Appeal, No. 1590 C.D. 1976, from the Order of the Unemployment Compensation Board of Review in case of In Re: Claim of Jerome Karwaski, No. B-133700.
Application to Bureau of Employment Security for unemployment compensation benefits. Application denied. Applicant appealed to the Unemployment Compensation Board of Review. Decision of referee reversed. Benefits awarded. Employer filed petition for review with the Commonwealth Court of Pennsylvania. Held: Affirmed.
William J. Oliver, with him Oliver, Price Rhodes, for petitioner.
Robert A. Mazzoni, with him Charles G. Hasson, Assistant Attorney General, for respondents.

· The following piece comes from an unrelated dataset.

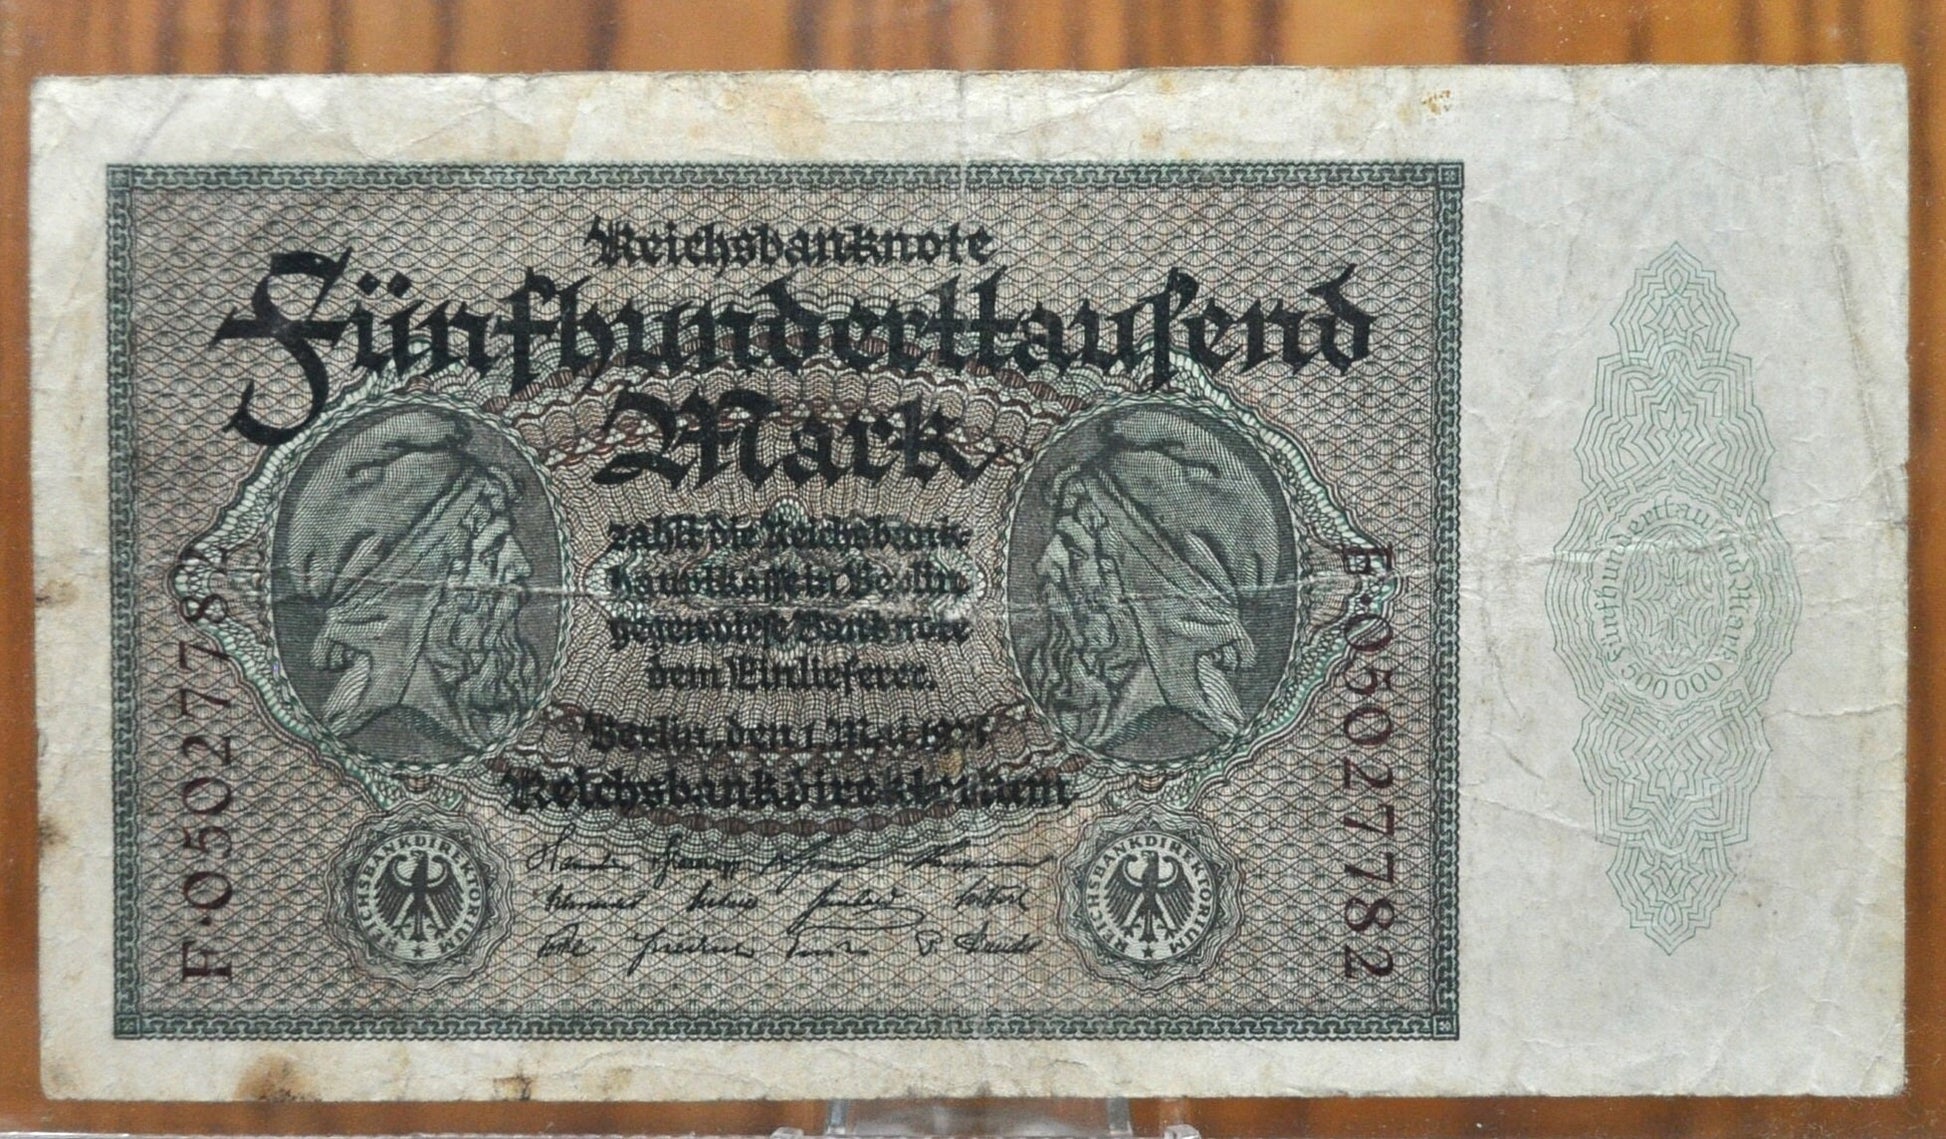 1923 500,000 Mark Weimar Republic German Paper Reichsbanknote - Great Condition - WWI era note - Five Hundred Thousand Mark Note 1923

Allied Services for the Handicapped, Inc. (Allied) has appealed from a determination by the Unemployment Compensation Board of Review (Board) that Jerome Karwaski (claimant) was not guilty of willful misconduct within the meaning of Section 402(e) of the Unemployment Compensation Law (Act). We affirm the Board's order granting benefits to the claimant.
Act of December 5, 1936, Second Ex. Sess., P.L. (1937) 2897, as amended, 43 P. S. § 802(e).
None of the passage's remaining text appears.